Sonic’s level of diversity is somewhat hit and miss. Tom and his wife, Maddie (Tika Sumpter) make for a great interracial couple representation. It’s another positive push towards raising the bar for the bare minimum of representation. They hold a strong marriage, race isn’t even brought up as an issue, and Maddie is fully helpful and capable of helping Tom and Sonic. In fact, she actually saves Sonic’s life at one point. The positives of representing a female minority are pretty decent in that area.
That being said, there is a more awkward inclusion in Sonic. Maddie’s sister, Rachel (Natasha Rothwell). Rachel hates Tom, and no clear reason is ever given. It’s very confusing, given that Tom and Maddie are a pretty perfect couple. Because the joke is never explained, the sub-textual “joke” is awkward to analyze. Does Rachel hate Tom because he’s a white cop? The gag would make sense, and to some extent, perhaps even be funny, but because it’s never addressed properly, it never gets that closure. It’s also hard to interpret the joke any other way, and with Rachel constantly demanding that they break up, it definitely comes across as racial tension of some sort, which wasn’t needed in a movie about a video game character aimed at tweens. Maybe I’m reading too heavily into this, but regardless, the vitriol that Rachel hosts for Tom is pretty unjustified and comes up constantly. It’s her character’s sole defining trait, and it’s a letdown to see Natasha Rothwell in another bad role after I endured the dreadful Like A Boss just a month prior.

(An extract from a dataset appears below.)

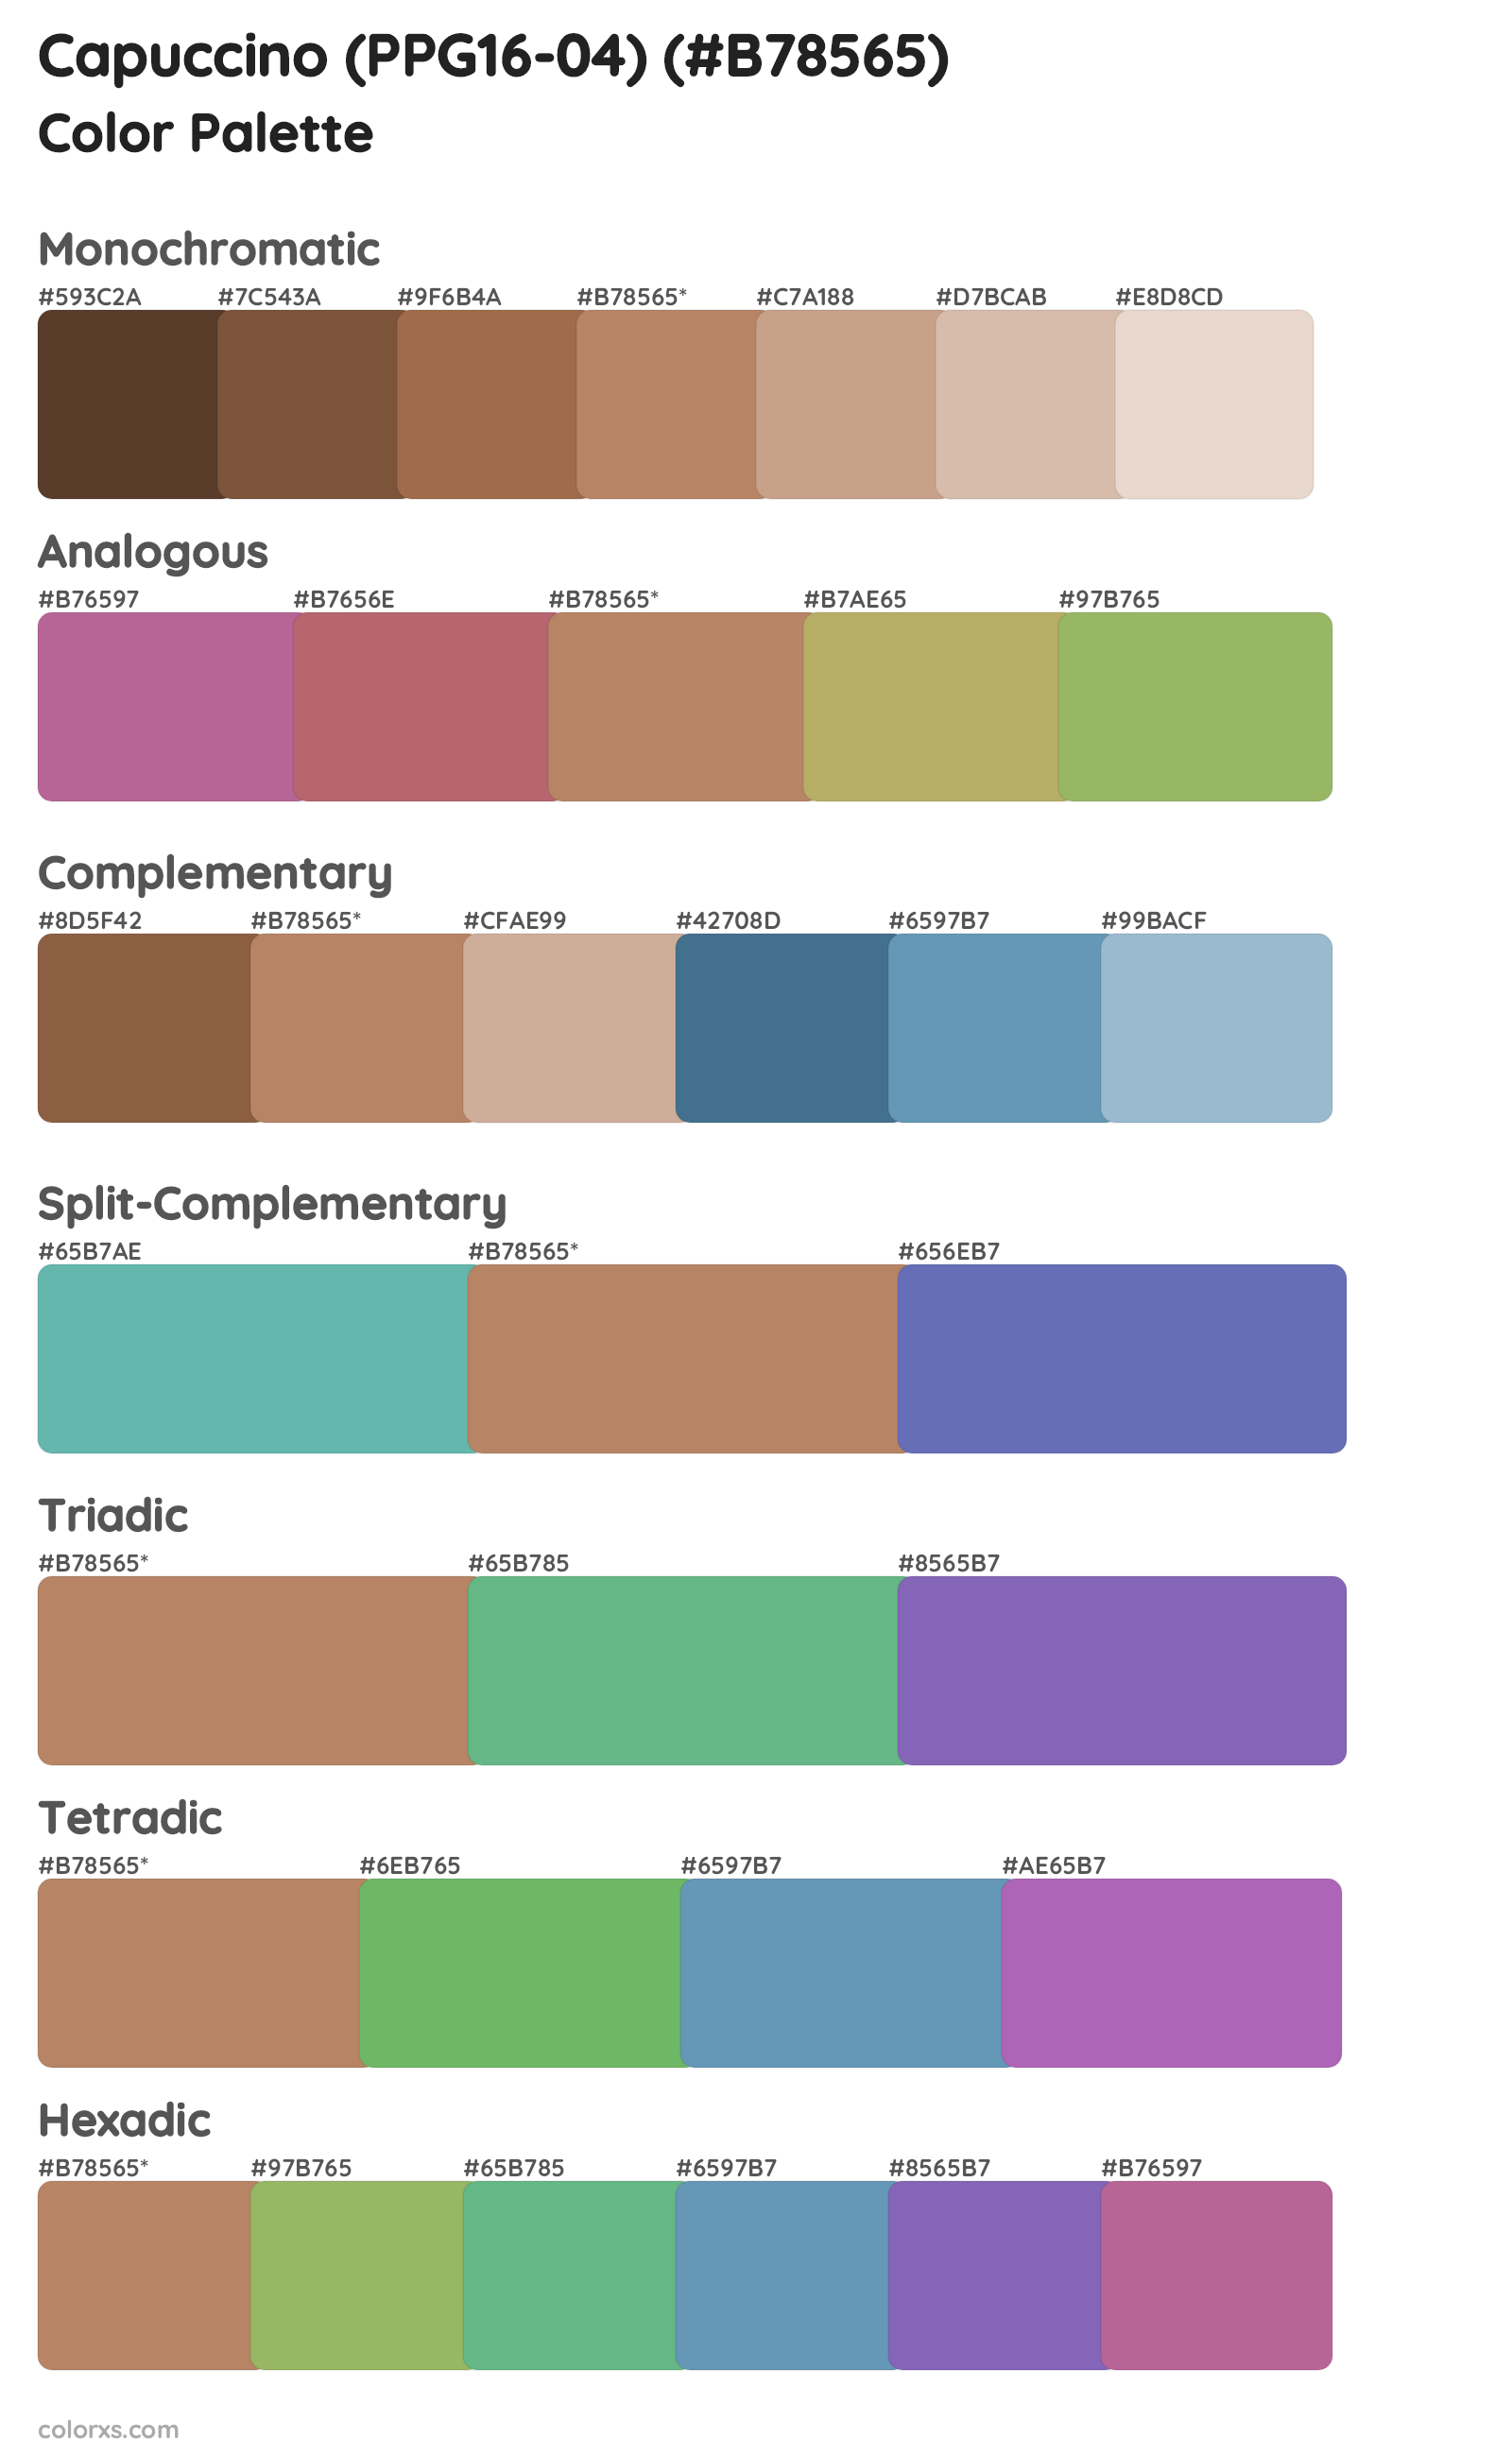 Capuccino (PPG16-04) Color Scheme Palettes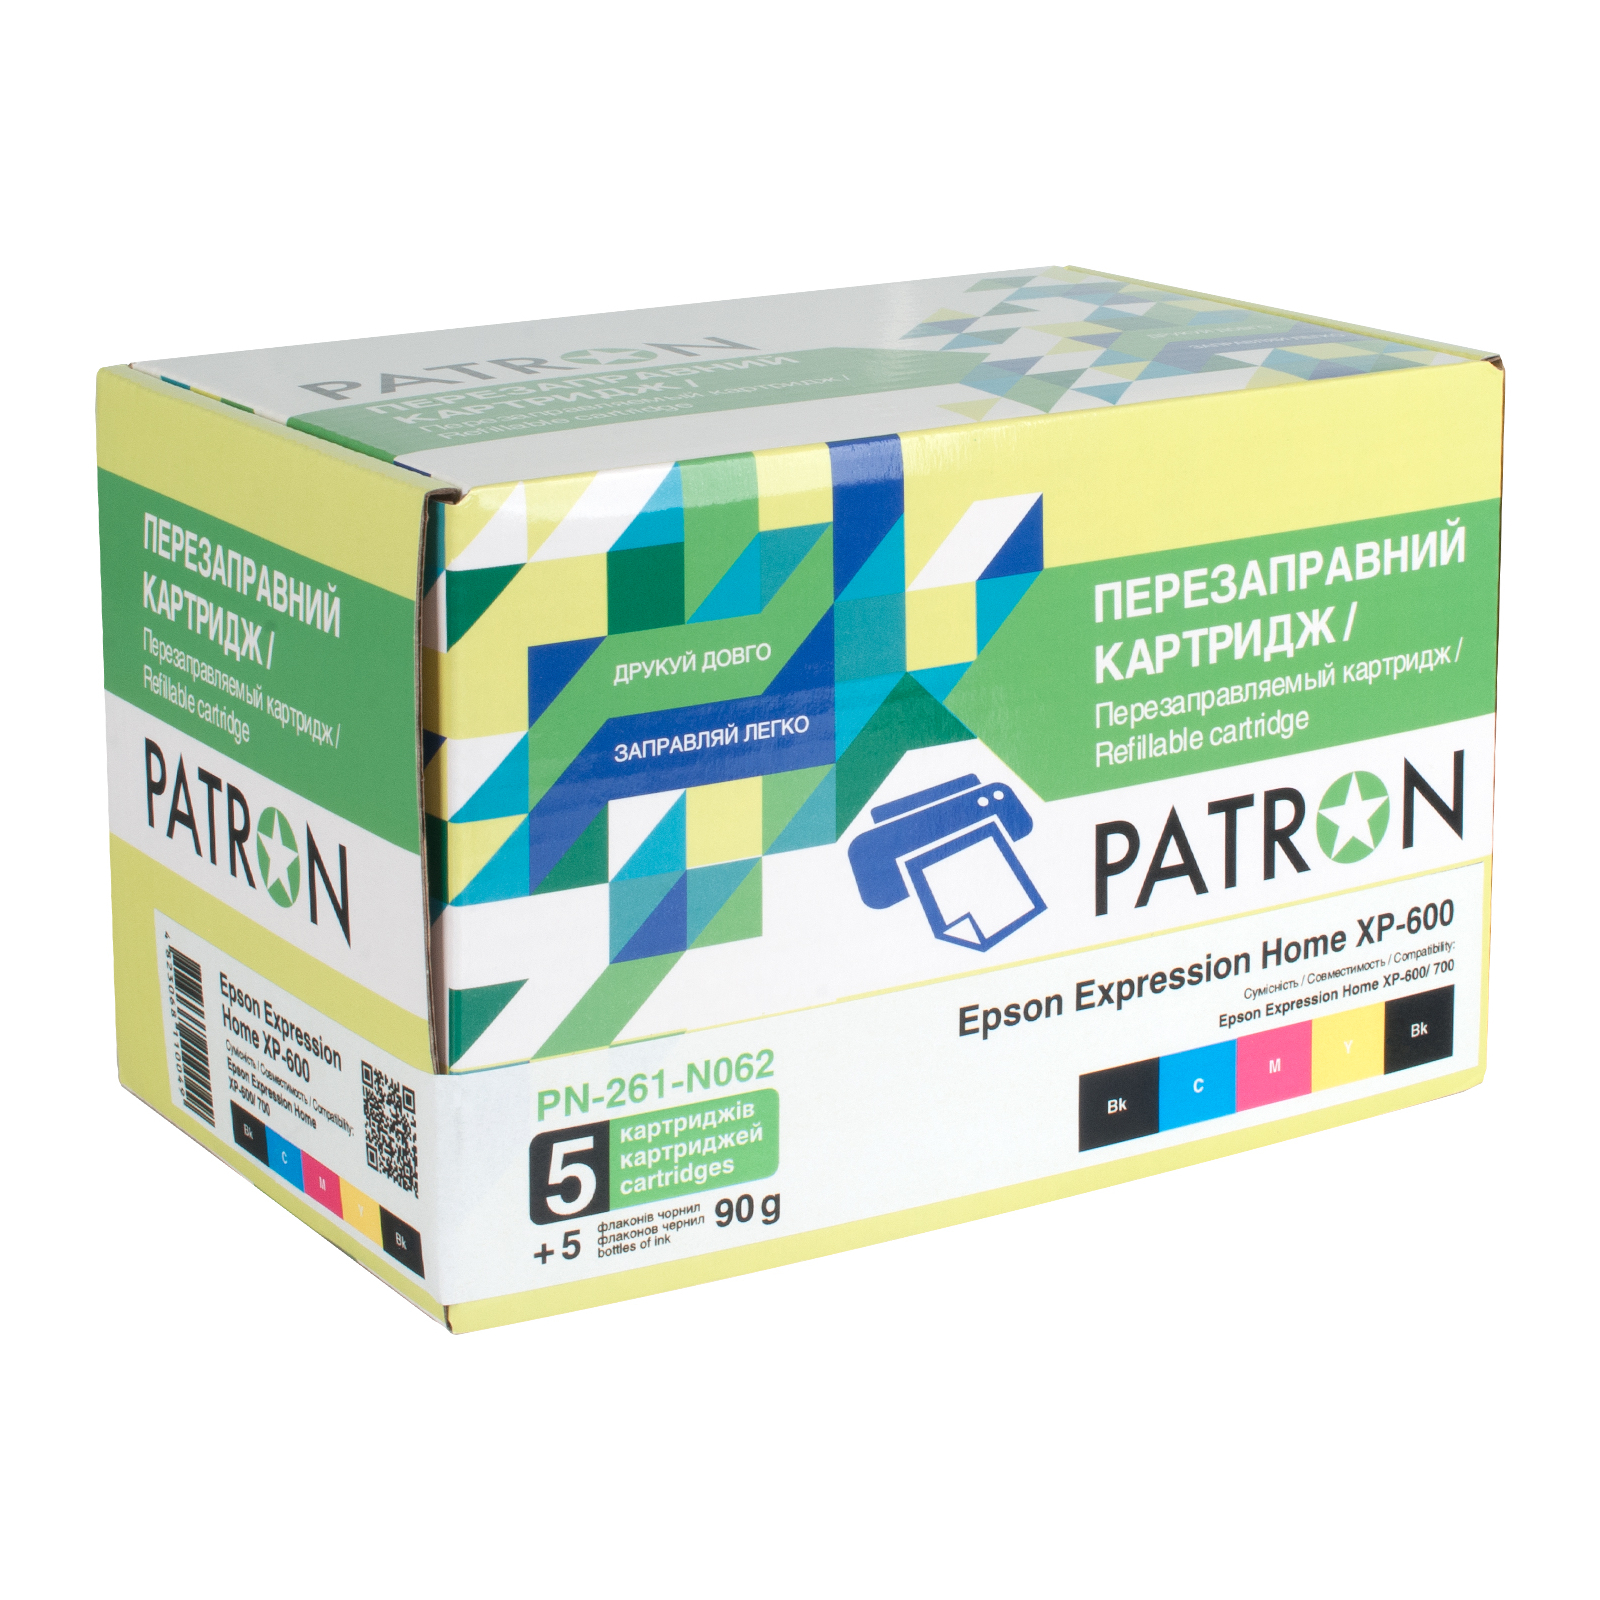 Комплект перезаправляемых картриджей Patron Epson XP-600/ 700/ 800 (PN-261-N062)

At any rate, that’s Sonic the Hedgehog. It’s a perfectly fine movie that does exactly what it set out to do. I have to confess, I would love a version of the film with its original design, just to see the difference, but I’m not sure the folks at Paramount and Sega would ever let it see the light of day. It works for Sonic fans, it works for general audiences who don’t mind buddy comedies, and it excels for Jim Carrey fans.
PS: Highly disappointing that the opening credits didn’t jump on the chance to do the iconic “SEGA!” scream.